Monday, December 16, 2019

MOVIE REVIEWS: KILLING THEM SOFTLY

November 30, 2012 by · Leave a Comment 

Brad Pitt and his acting colleagues in Killing Them Softly are receiving much applause from critics even as the movie they’re appearing in is not. “It can be a pleasure to watch them all work, even in what turns out to be a disappointing job,” writes A.O. Scott in the New York Times. The movie, he says “is sapped of vitality by its own self-conscious, curatorial fastidiousness. It takes place entirely in a universe of tropes and archetypes, which is a polite way of saying clichés and pretensions.” Rex Reed in the New York Observer puts it more bluntly: “For a big star, Brad Pitt chooses to waste his talent in boneheaded ways that never cease to amaze me. .. To a growing list of dumbbell duds … you can now add a filthy, pretentious, brutally violent and utterly pointless load of rubbish called Killing Them Softly.” Betsy Sharkey in the Los Angeles Times argues that the movie presents Pitt at his best. “While his last big at-bat, Moneyball, was a far better movie, there is an effortlessness here in the way Pitt turns small scenes into defining moments. Somehow he just keeps getting better at it,” she remarks. Joe Morgenstern in the Wall Street Journal notes that even at 97 minutes, the movie “crawls.” He too applauds the “star” — and it’s not who you think. “I’d say the credits got it wrong and the movie’s star is its cinematographer, Greig Fraser,” Morgenstern remarks “even though Brad Pitt is very good in a pivotal role and was mainly responsible for getting the movie made.” Claudia Puig in USA Today is among a minority of critics who have mostly positive things to say about the film.

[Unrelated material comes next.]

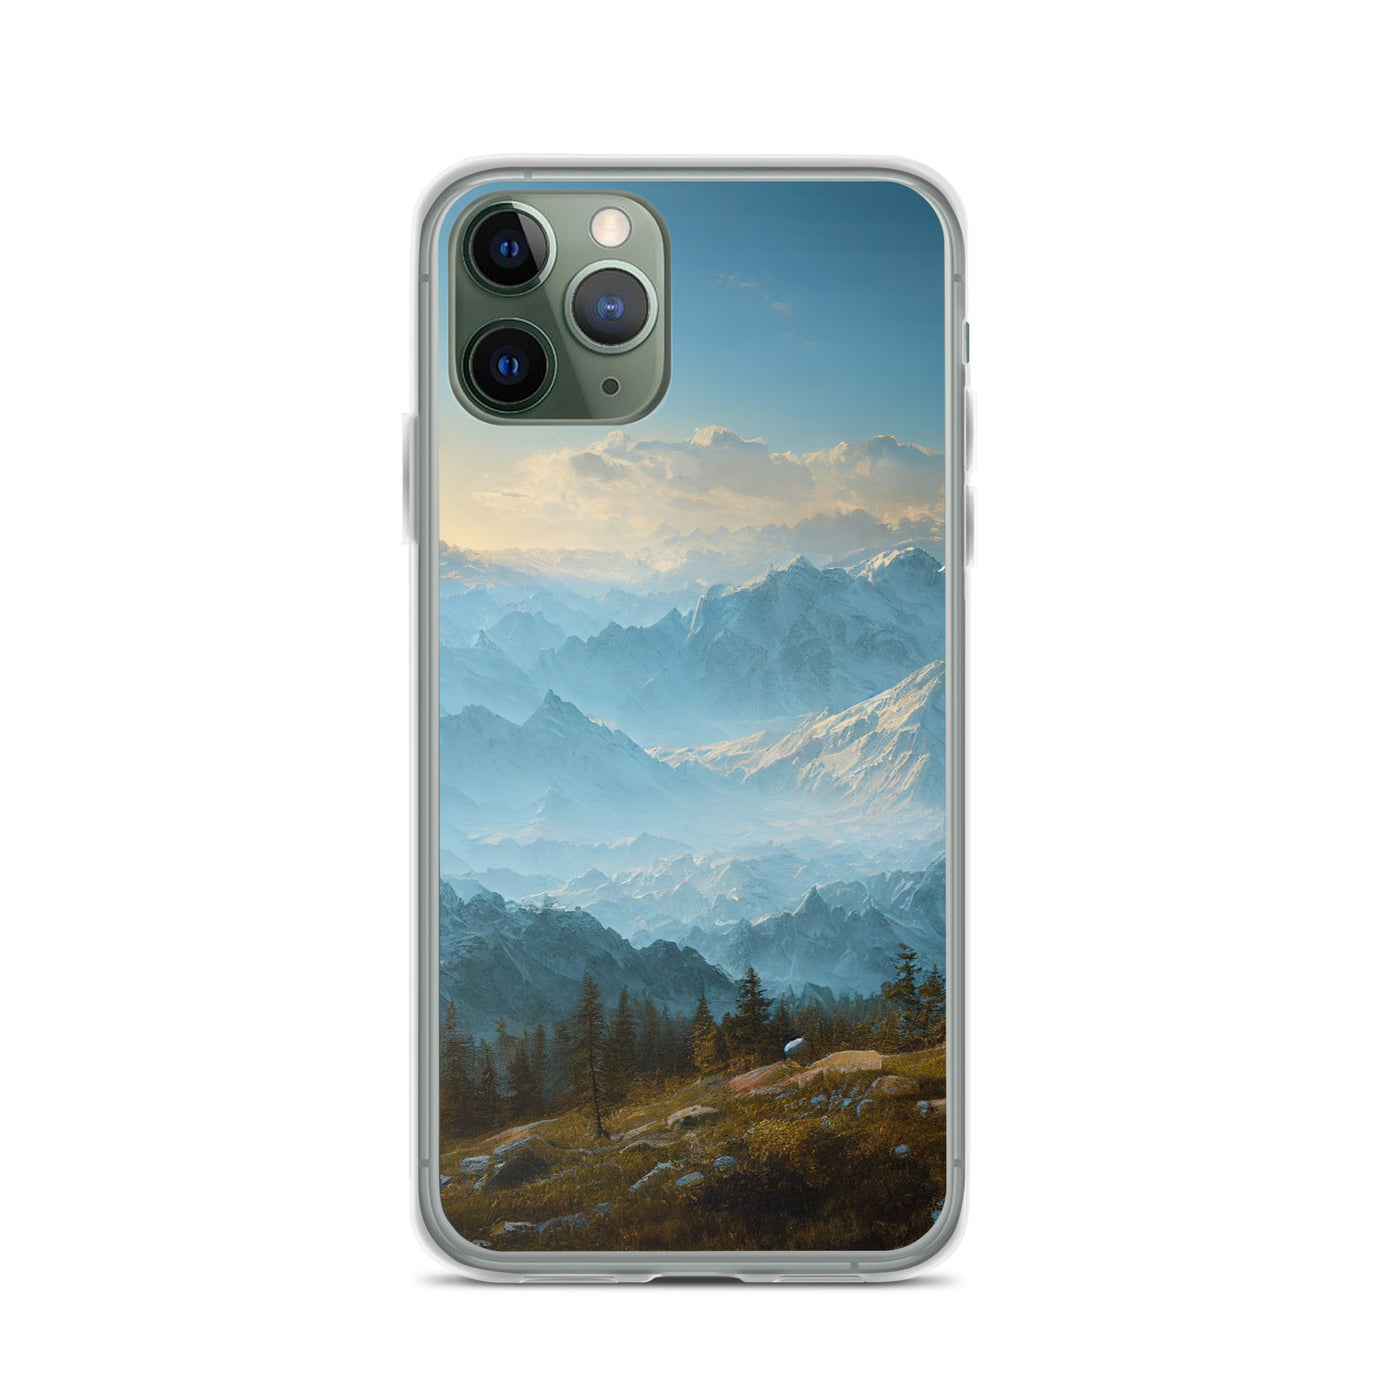 Schöne Berge mit Nebel bedeckt - Ölmalerei - iPhone Schutzhülle (durchsichtig) berge xxx iPhone 11 Pro

She describes it as “a clever thriller with a particularly meaty performance by Brad Pitt.” It’s “worth seeing,” she says, “for its sharp dialogue, mesmerizing photography and gritty performances.” Finally, without giving away much of the plot, Roger Ebert in the Chicago Sun-Times comments that the plot has already been given away in other, better films. “It seems as if I’ve been seeing versions of this story since forever,” he writes. “A cast is assembled from various flavors of tough guys, they’re placed in a dreary and joyless cityscape, they hold a series of fraught conversations, there is a great deal of suffering and blood, and most of them are required to die by the end.”